My middle school friends have given me the backstory on a couple of kids. One is a girl in the foster system who lives for books and aches to be adopted (I mentioned The Federalist and Anti Federalist Papers one Friday, and she shows up Monday with them read, she is a freshman!). Another is...well...Nipsey Junior Russell III. My middle school sources give me the sad story of how he left his parent's home last year after he was discovered to be beaten. He has missed volumes of content due to his absences and now could serve as the poster child for the No Child Left Behind Act (that is, if it was true that teachers refused to teach him and that he was in school every day and did in fact have parents...wow, that's crazy, we all know that it's all the teacher's fault).
What on earth do these two wacky kids have in common? Guess which one is in special ed? Nope, not Junior III, it's the bright little light bulb girl. She was placed for a math deficiancy that I wonder if she could fix with a little motivation and organization (her test scores in math are decent, I hear). I am filling out the paperwork for Junior III to be tested but even that bothers me.
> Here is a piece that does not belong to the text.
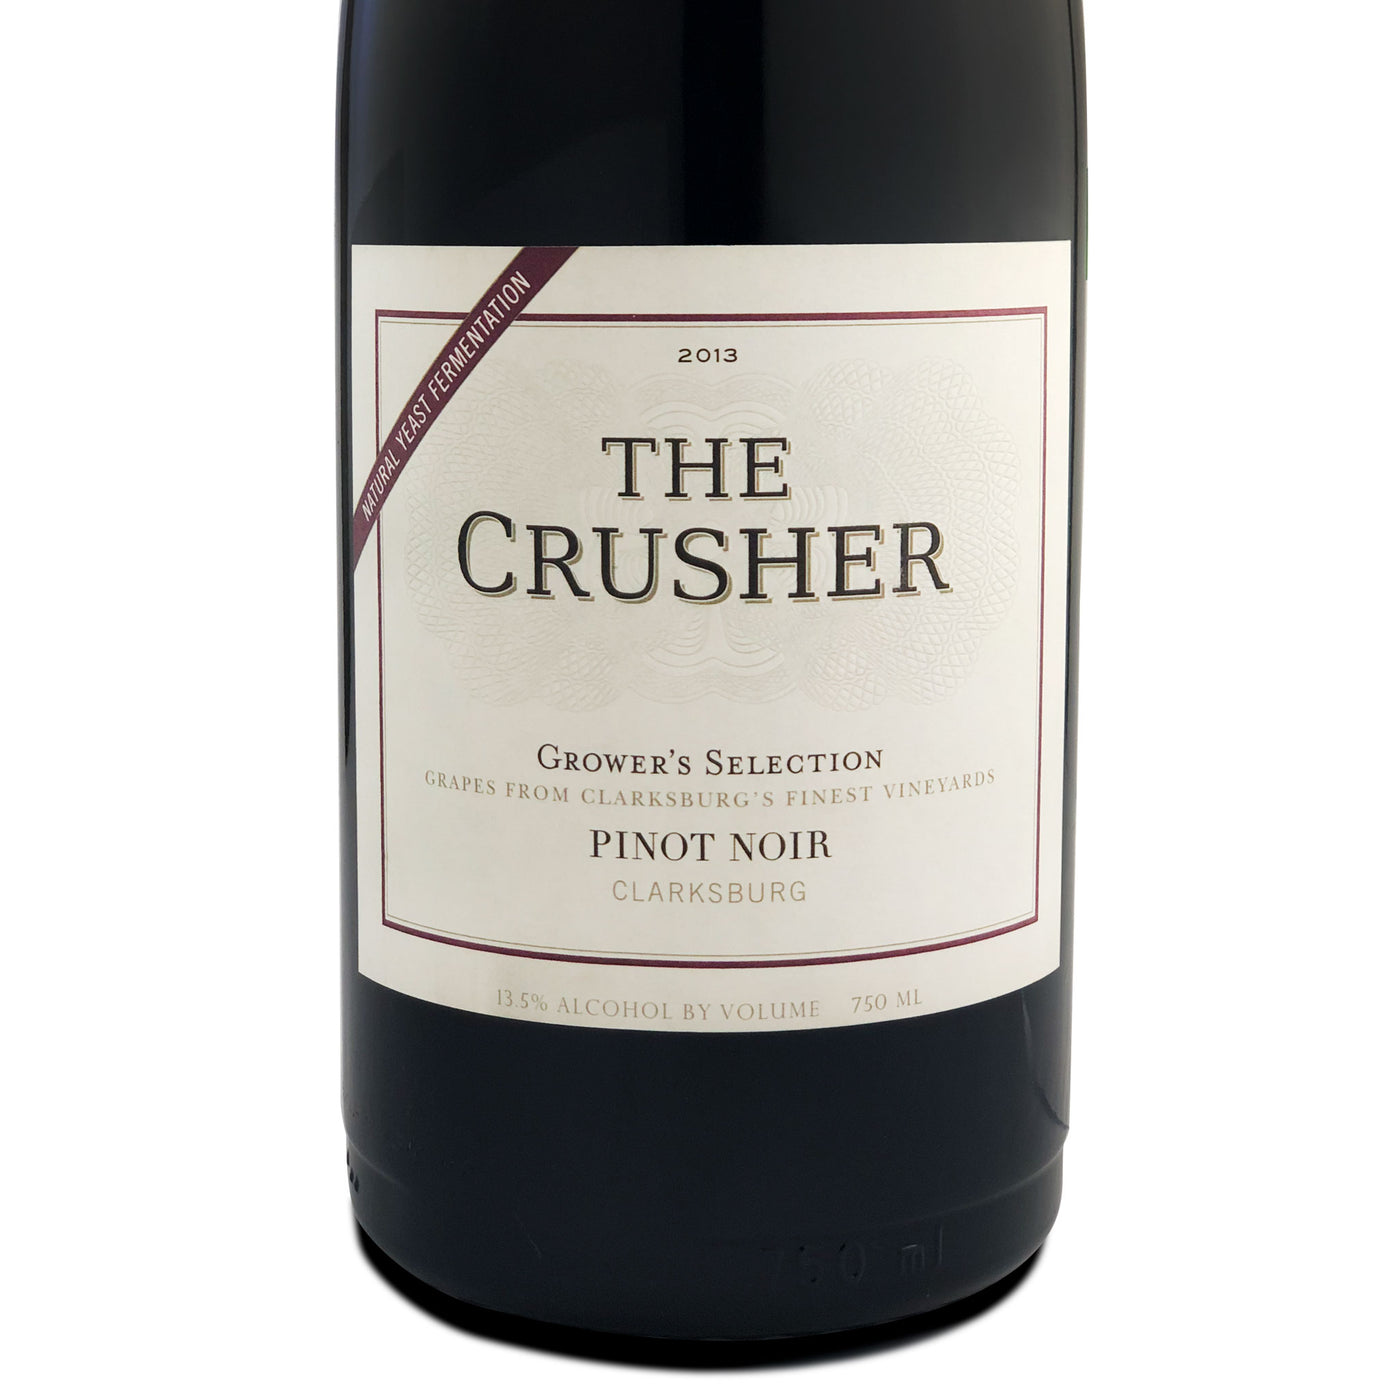 The Crusher Pinot Noir 2013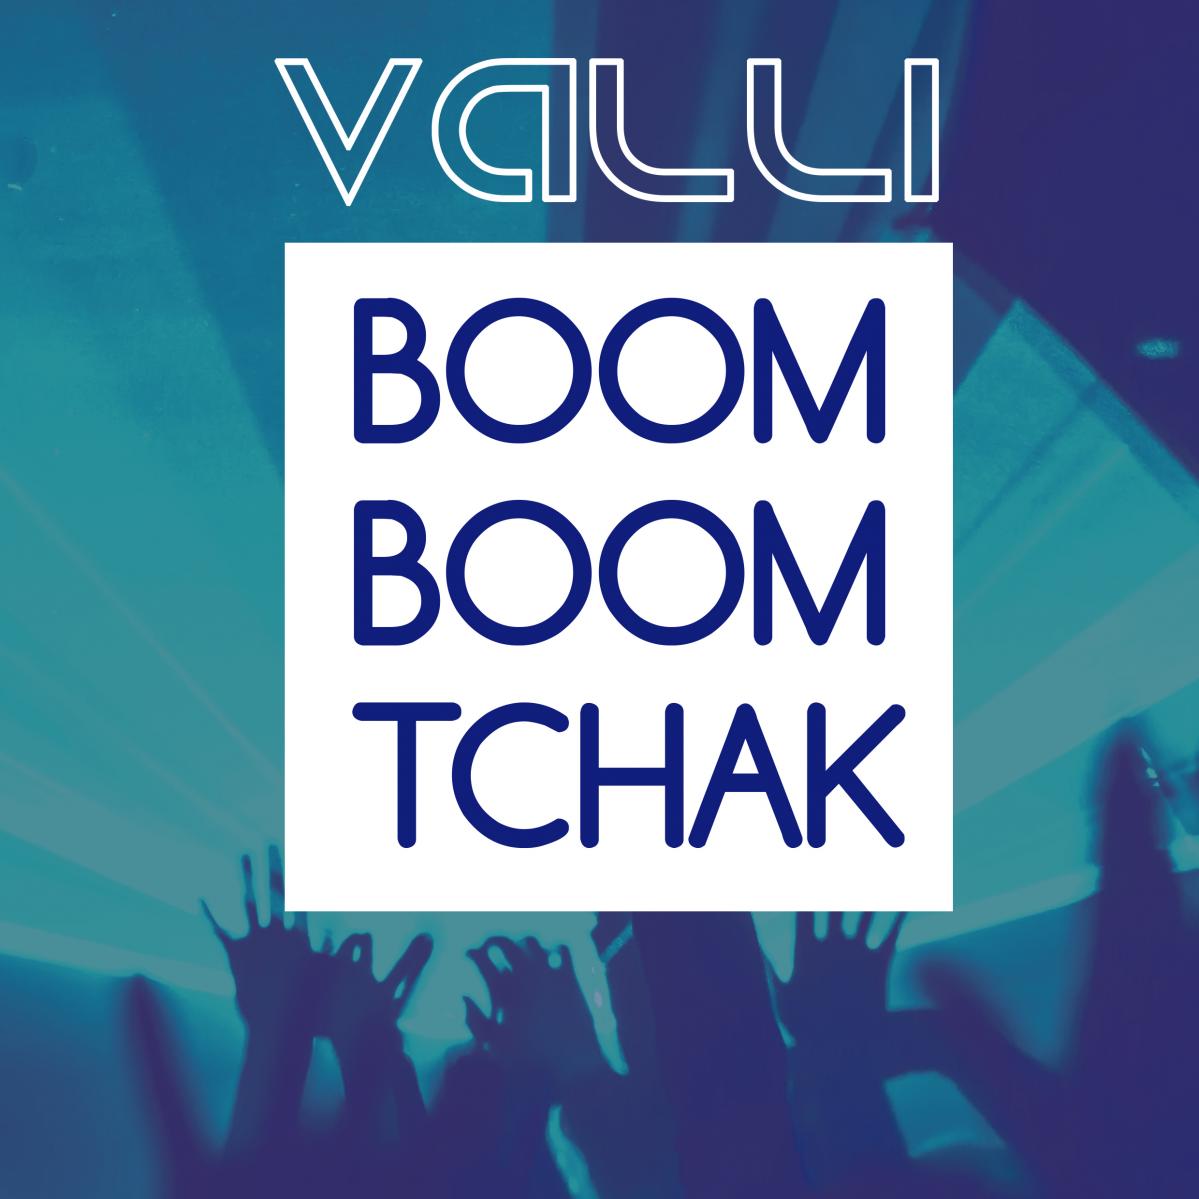 Valli-Boom-Boom-Tchak-web.jpg

Is this a real disability or just a need for remediation?
Take a look at a special ed class (specifically the learning disabled). I saw one in the library the other day and I wonder how many are organically LD. Most are minority, all are poor, and most have behavior problems. Is labeling a kid special ed a way to keep them away from our "normal" kids? How can you get a kid extra help but not give them a label that sticks them in a class where they may not really get ahead?
Perhaps I have reached my quota of friends from my feeder schools.